Reinforcement learning explained

Posted on 06-06-2019 , by: admin , in , 0 Comments

You have probably heard about Google DeepMind’s AlphaGo program, which attracted significant news coverage when it beat a 2-dan professional Go player in 2015. Later, improved evolutions of AlphaGo went on to beat a 9-dan (the highest rank) professional Go player in 2016, and the #1-ranked Go player in the world in May 2017. A new generation of the software, AlphaZero, was significantly stronger than AlphaGo in late 2017, and not only learned Go but also chess and shogi (Japanese chess).

AlphaGo and AlphaZero both rely on reinforcement learning to train. They also use deep neural networks as part of the reinforcement learning network, to predict outcome probabilities.

In this article, I’ll explain a little about reinforcement learning, how it has been used, and how it works at a high level. I won’t dig into the math, or Markov Decision Processes, or the gory details of the algorithms used. Then I’ll get back to AlphaGo and AlphaZero.

What is reinforcement learning?

There are three kinds of machine learning: unsupervised learning, supervised learning, and reinforcement learning. Each of these is good at solving a different set of problems.

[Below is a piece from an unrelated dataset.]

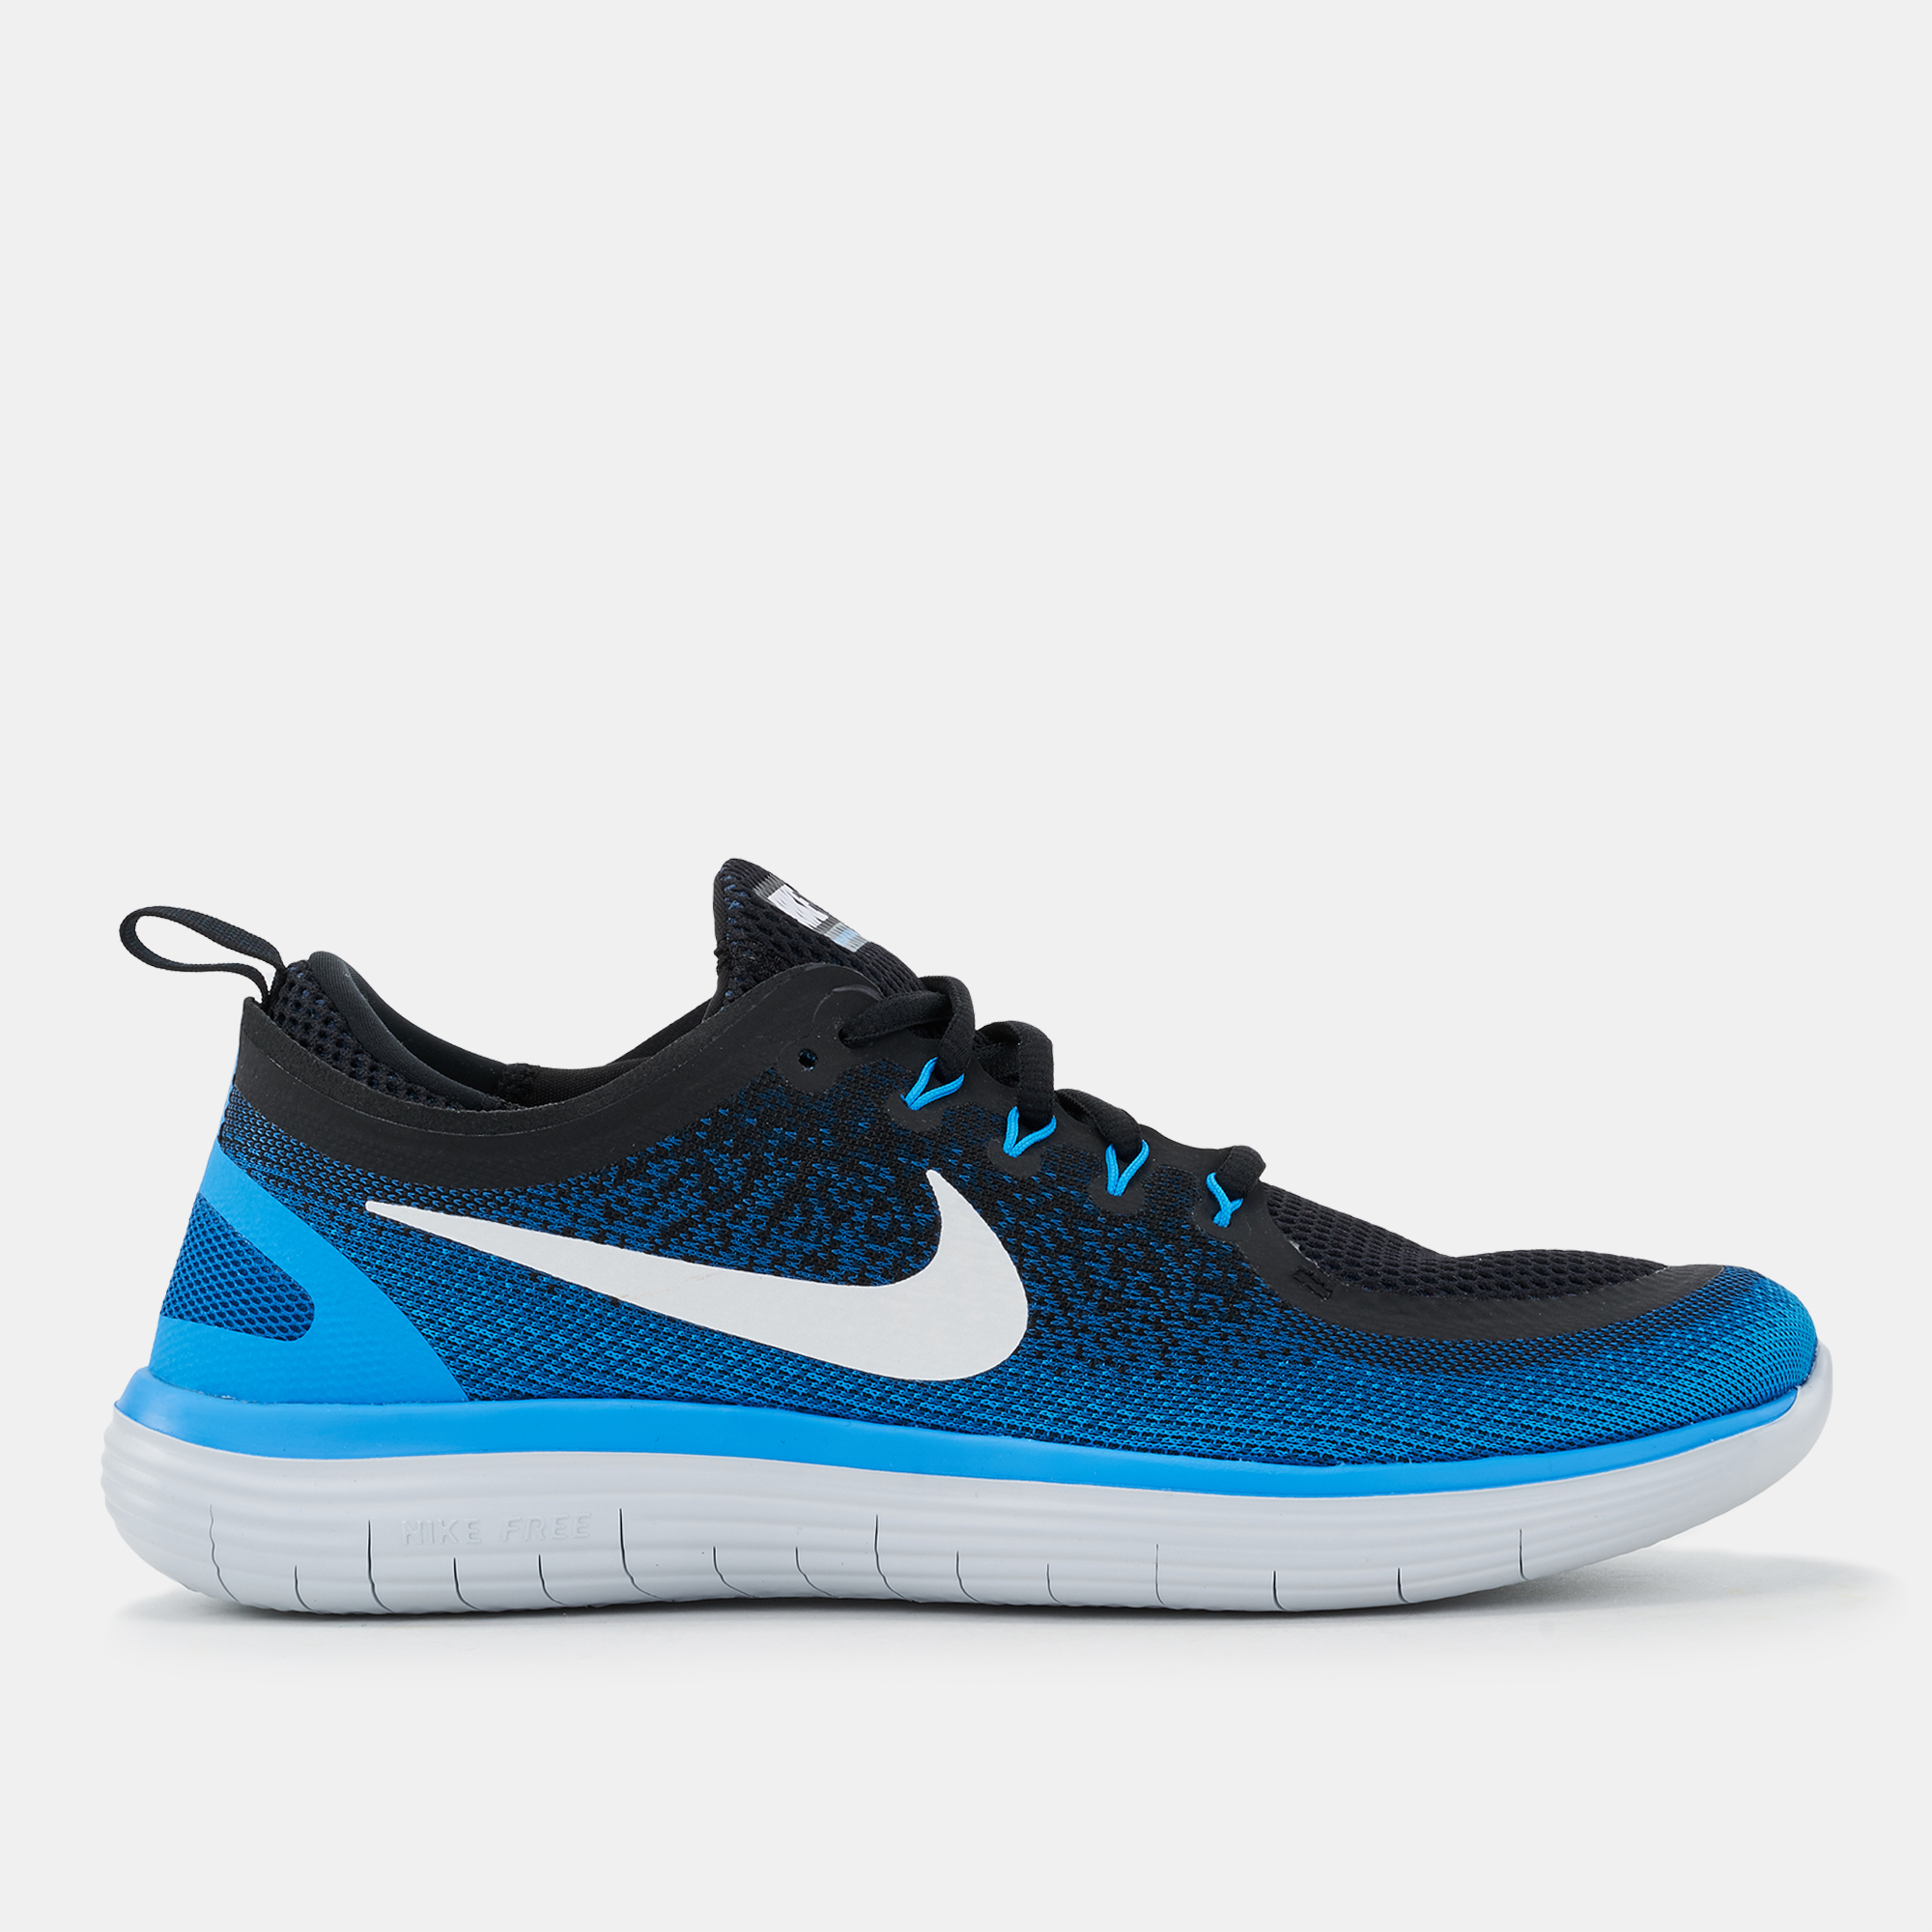 98156ef1324c Nike Free Rn Distance 2 Running Shoe Nike863775 401 in Riyadh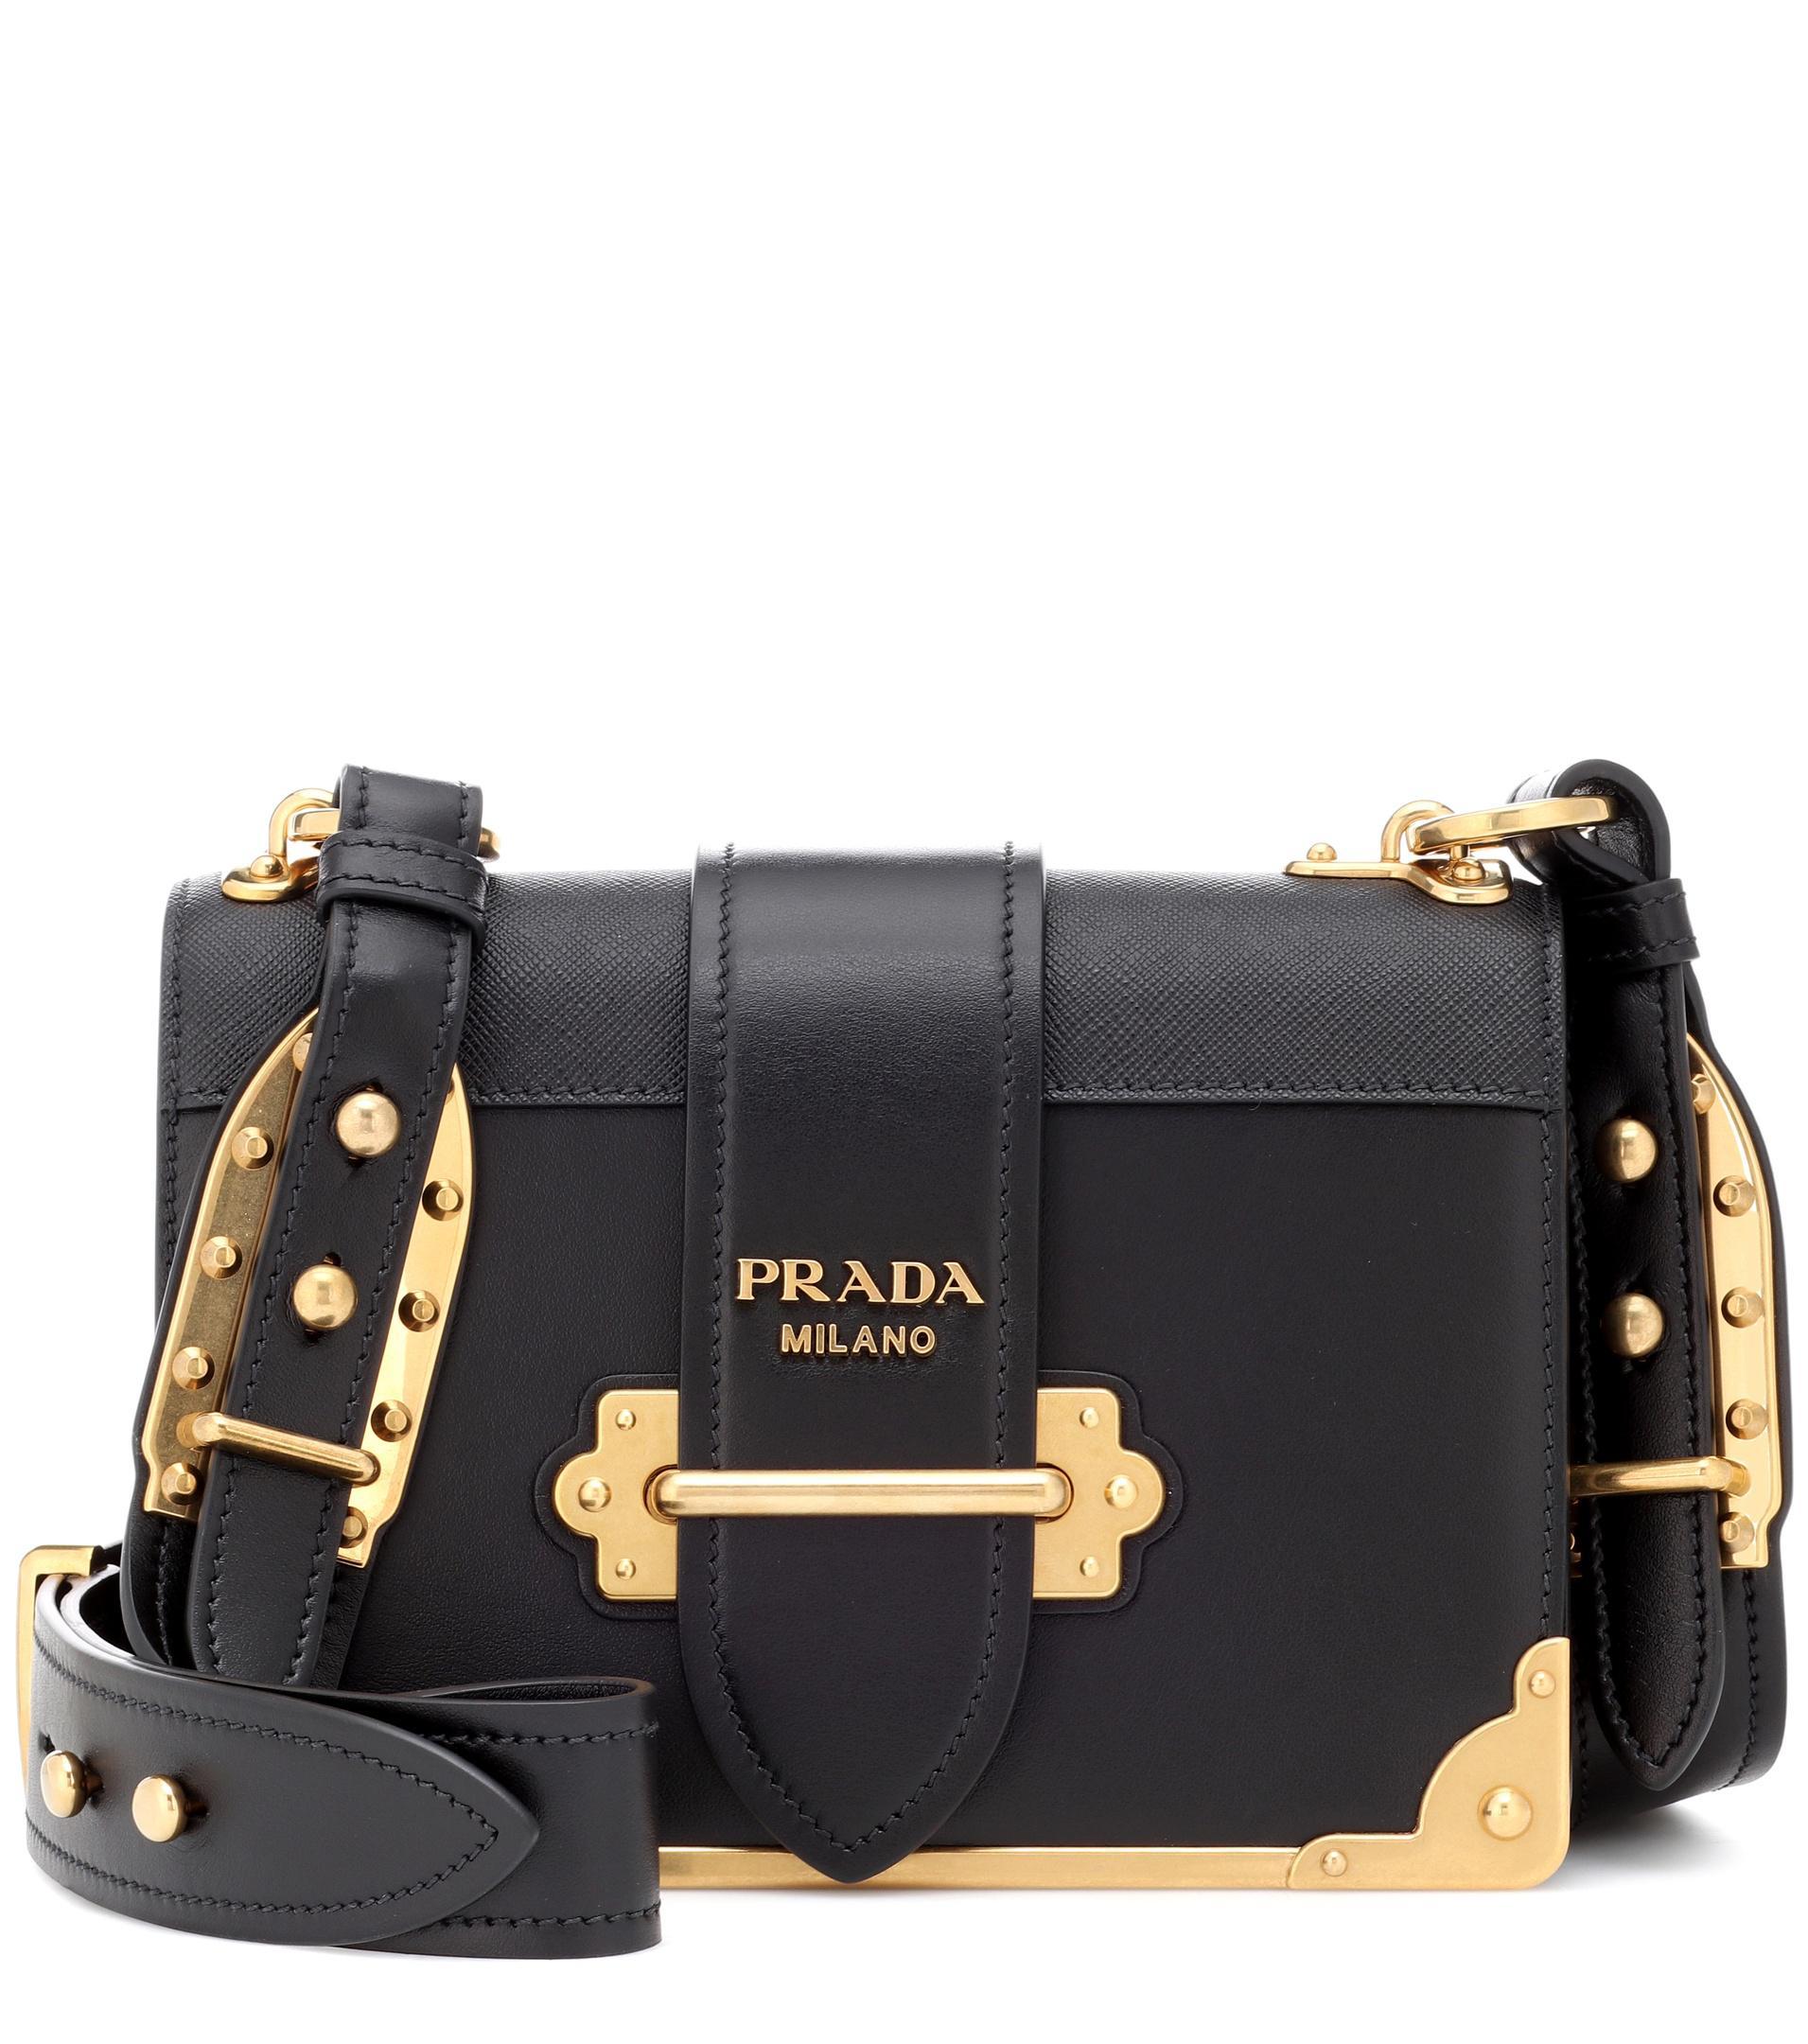 13608bd0bb98 Prada Cahier Leather Shoulder Bag in Black - Lyst

Unsupervised learning, which works on a complete data set without labels, is good at uncovering structures in the data. It is used for clustering, dimensionality reduction, feature learning, and density estimation, among other tasks.

Supervised learning, which works on a complete labeled data set, is good at creating classification models for discrete data and regression models for continuous data. The machine learning or neural network model produced by supervised learning is usually used for prediction, for example to answer “What is the probability that this borrower will default on his loan?” or “How many widgets should we stock next month?”